The tasteless tower, designed by Gustave Eiffel, was built anyway and now pretty much represents the city itself.

The Pompidou Centre, the museum built to look like a huge functioning machine, a network of pipes and tubes – perhaps some form of plumbing – in the market area of the right bank in 1977, was similarly loathed by just about everyone in its planning stage and even for years after its construction. The Figaro called it a monster. It too became one of the most popular museums in Paris and in the world, and is regarded as a gem of the particular brief-lived moment of gaudy high-tech architecture.

It looks at this point as if the Koons sculpture has so much opposition it probably won't go ahead. I also think it is god-awful and plumb-ugly. And I think Koons is a clever self-promoter. But these things always grow on you. Kitsch in particular.

Last summer, a mini-fracas brewed about an expensive piece of public art that came to Toronto for Canada Day – a house-sized yellow rubber duck that docked in the harbour. Despite a lot of online mockery, the crowds that showed up to see it were intense. It turned the whole lake into a bathtub and it was a lot of fun.

My home town, Halifax, has the honour of having a piece of public sculpture so repulsive it regularly shows up on "Ugliest Public Art Worldwide" lists.
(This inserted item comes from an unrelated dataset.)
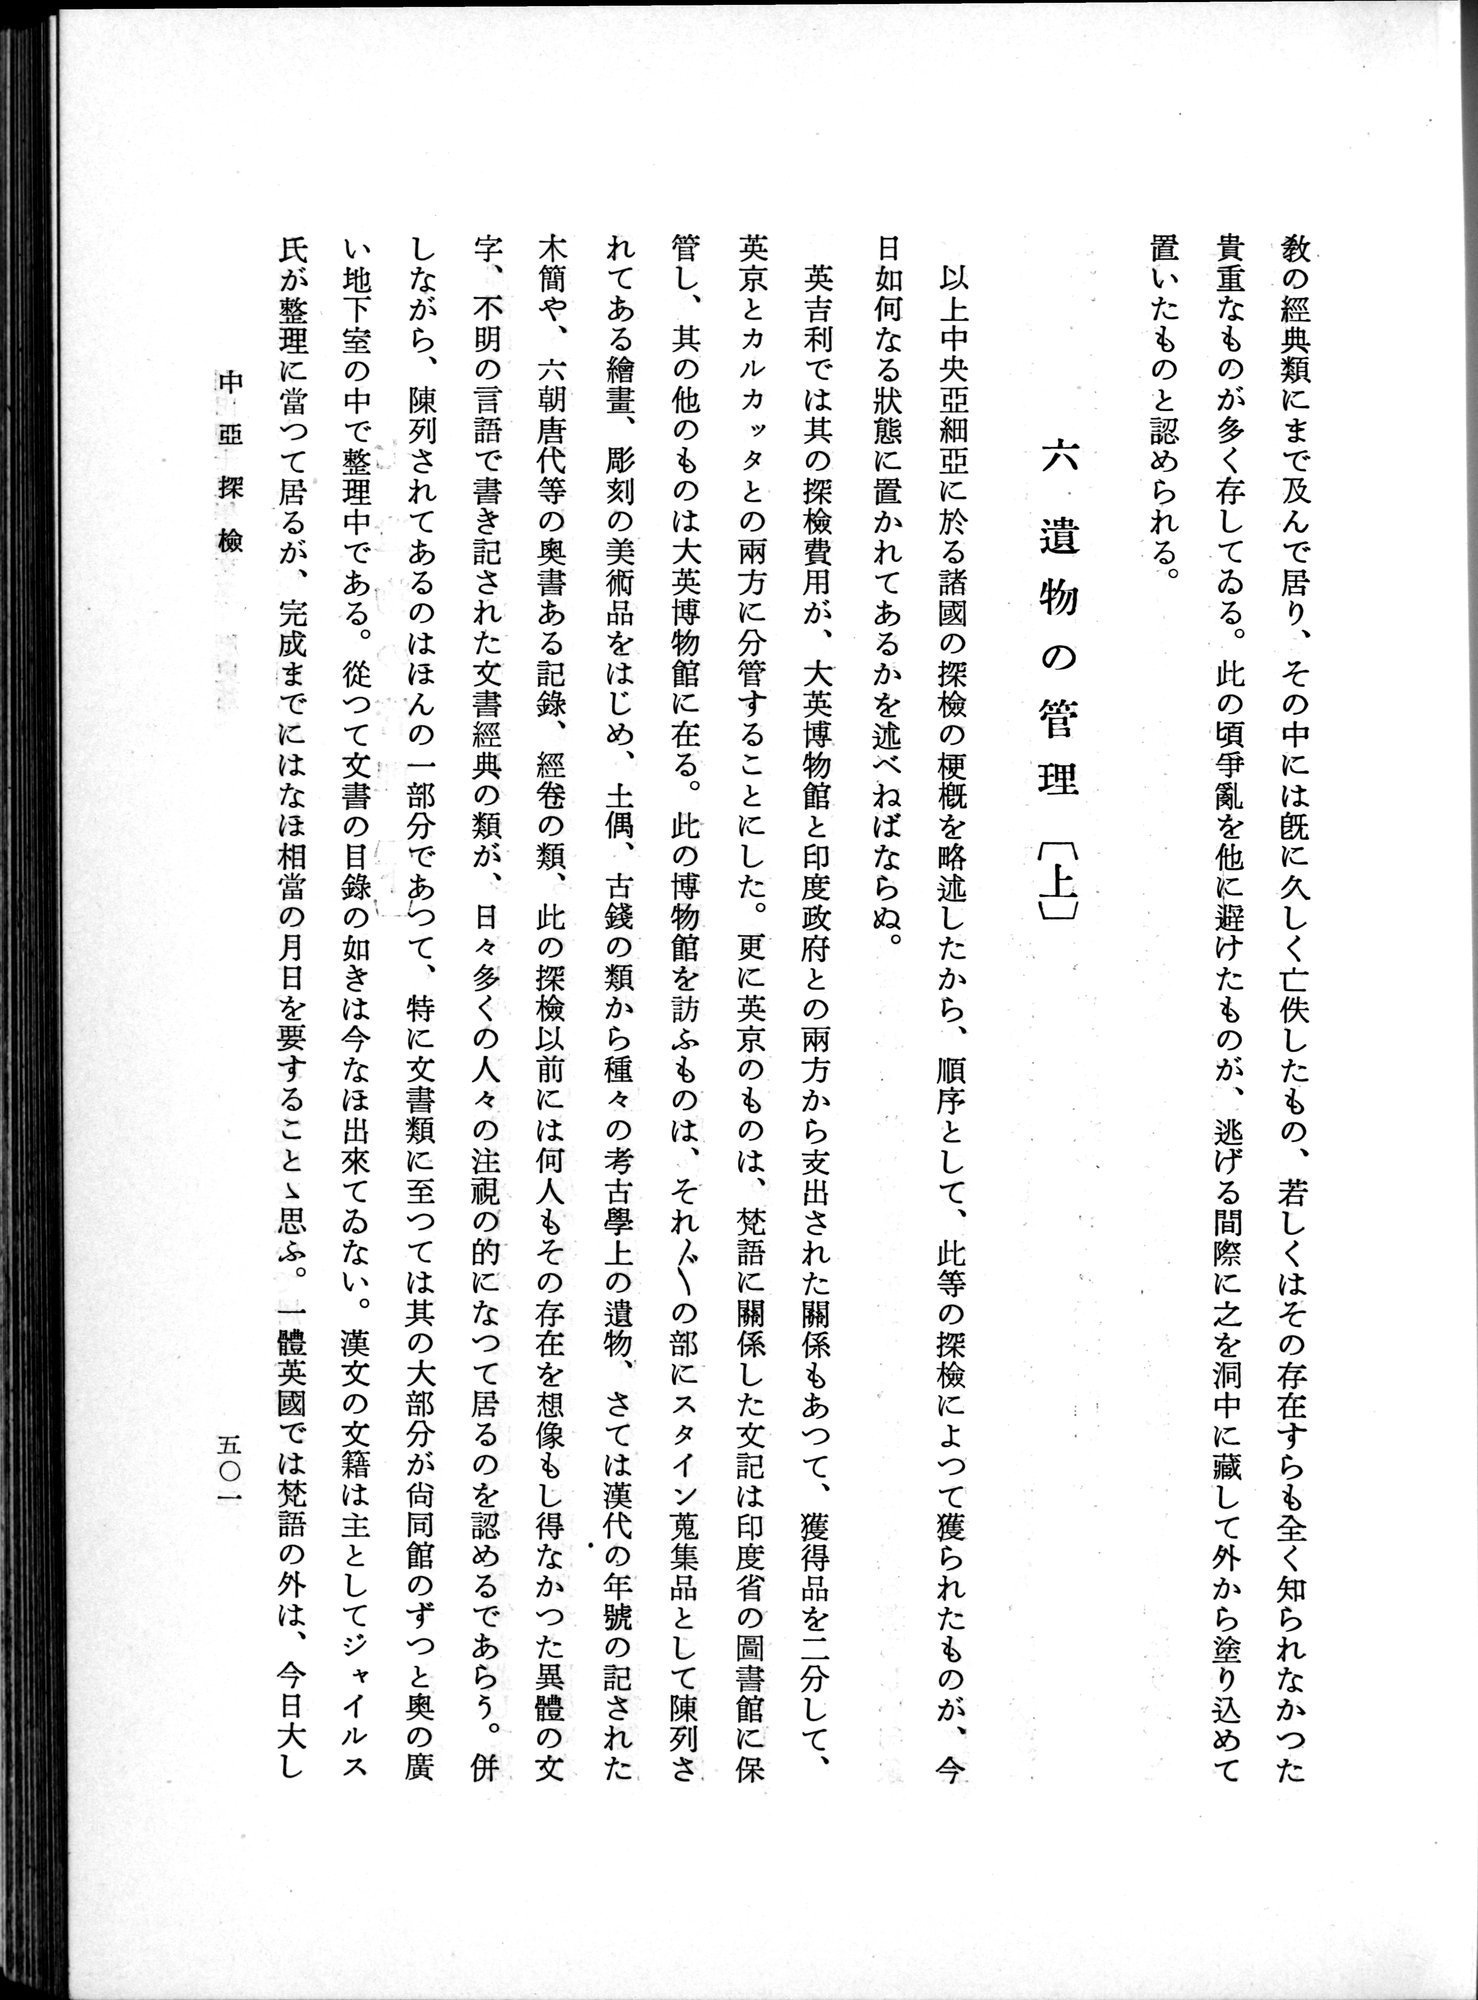 羽田博士史学論文集 : vol.1 / Page 539 (Grayscale High Resolution Image)

It is on the campus of Dalhousie University. Marine Venus by Robert Hedrick was installed in 1969. It is a large piece of white marble – two smooth lobes, with a shaft rising from them, culminating in another bulb that is slit open and vomiting some kind of sticky mass. It is unmistakeably phallic. It evokes bodily fluids and rupture, both orgasm and injury. It is truly disgusting. I walked past it every day of my life until I left home and I stopped seeing it, just like everyone else who lives and works there. I would be terribly sad if it were to be removed.